Re: State of the on-disk bitmap index - Mailing list pgsql-hackers

From Gianni Ciolli
Subject Re: State of the on-disk bitmap index
Date
Msg-id 20120905104222.GA5886@leggeri.gi.lan
Whole thread Raw
In response to Re: State of the on-disk bitmap index  (Daniel Bausch <bausch@dvs.tu-darmstadt.de>)
Responses Re: State of the on-disk bitmap index  (Daniel Bausch <bausch@dvs.tu-darmstadt.de>)
List pgsql-hackers
Dear Albe and Daniel,

On Wed, Sep 05, 2012 at 11:28:18AM +0200, Daniel Bausch wrote:
> Hi Albe and the list,
> 
> >> I am going to implement a simple kind of "encoded bitmap indexes" (EBI).
> >> 
> >> I thought, it could be a good idea to base my work on the long proposed
> >> on-disk bitmap index implementation.  Regarding to the wiki, you,
> >> Jonah and Simon, were the last devs that touched this thing.  Unfortunately
> >> I could not find the patch representing your state of that work.  I
> >> could only capture the development history up to Gianni Ciolli & Gabriele
> >> Bartolini from the old pgsql-patches archives.  Other people involved
> >> were Jie Zhang, Gavin Sherry, Heikki Linnakangas, and Leonardo F.  Are
> >> you and the others still interested in getting this into PG?  A rebase
> >> of the most current bitmap index implementation onto master HEAD will
> >> be the first 'byproduct' that I am going to deliver back to you.
> >>
> >> 1. Is anyone working on this currently?
> >> 2. Who has got the most current source code?
> >> 3. Is there a git of that or will I need to reconstruct the history
> >> from
> >> the patches I collected?
> > 
> > It seems like you did not get any answers from any of the
> > people you mentioned ...

My fault: I missed the questions in August, but today my colleague
Gabriele drew my attention to them. I apologise.

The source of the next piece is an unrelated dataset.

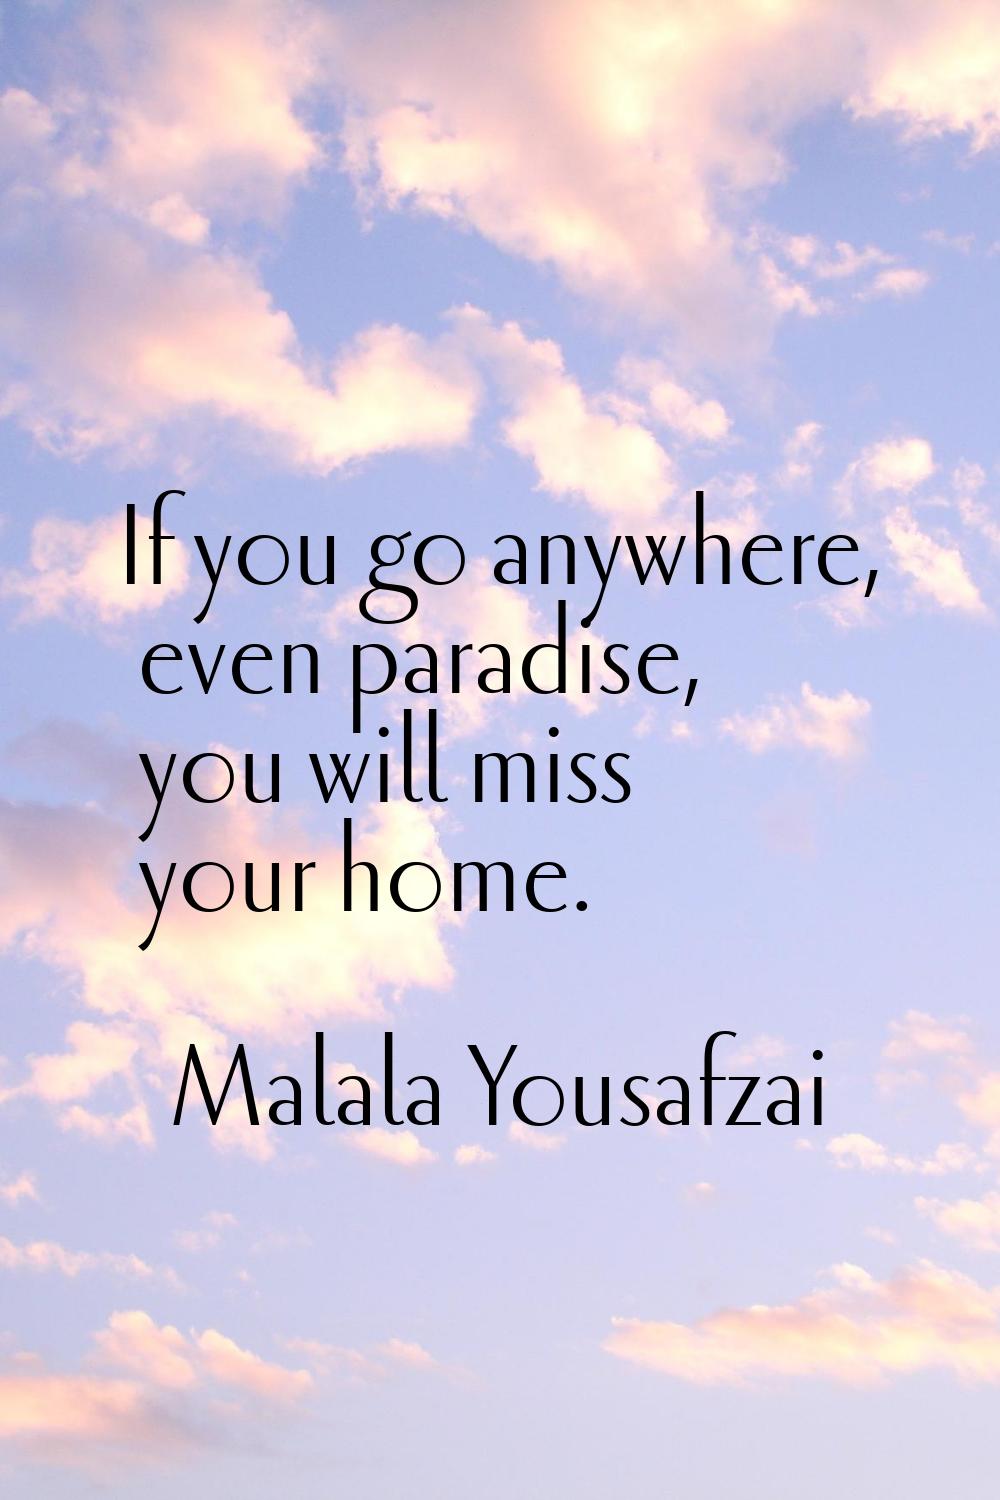 If you go anywhere, even paradise, you will miss your home.

> I used the (more recent) patches posted by Gianni Ciolli in 2008 and
> currently am in the process of porting those to master HEAD -- like I
> promised.

Back in 2008 the PostgreSQL project wasn't using git, and I wasn't
either; hence that patch is the best starting point I can find.

> > Another criticism I can imagine is that PostgreSQL already
> > supports a bitmap index scan of b-tree indexes, so you would
> > have to show that on-disk bitmap indexes outperform that
> > in realistic scenarios.  This has probably become more
> > difficult with the recently introduced index-only scan
> > for b-tree indexes, which is particularly helpful in
> > data warehouse scenarios.
> 
> IIRC, it was already shown that bitmap indexes can speed up TPC-H
> queries.  I will compare B+-tree, bitmap, and encoded bitmap indexes.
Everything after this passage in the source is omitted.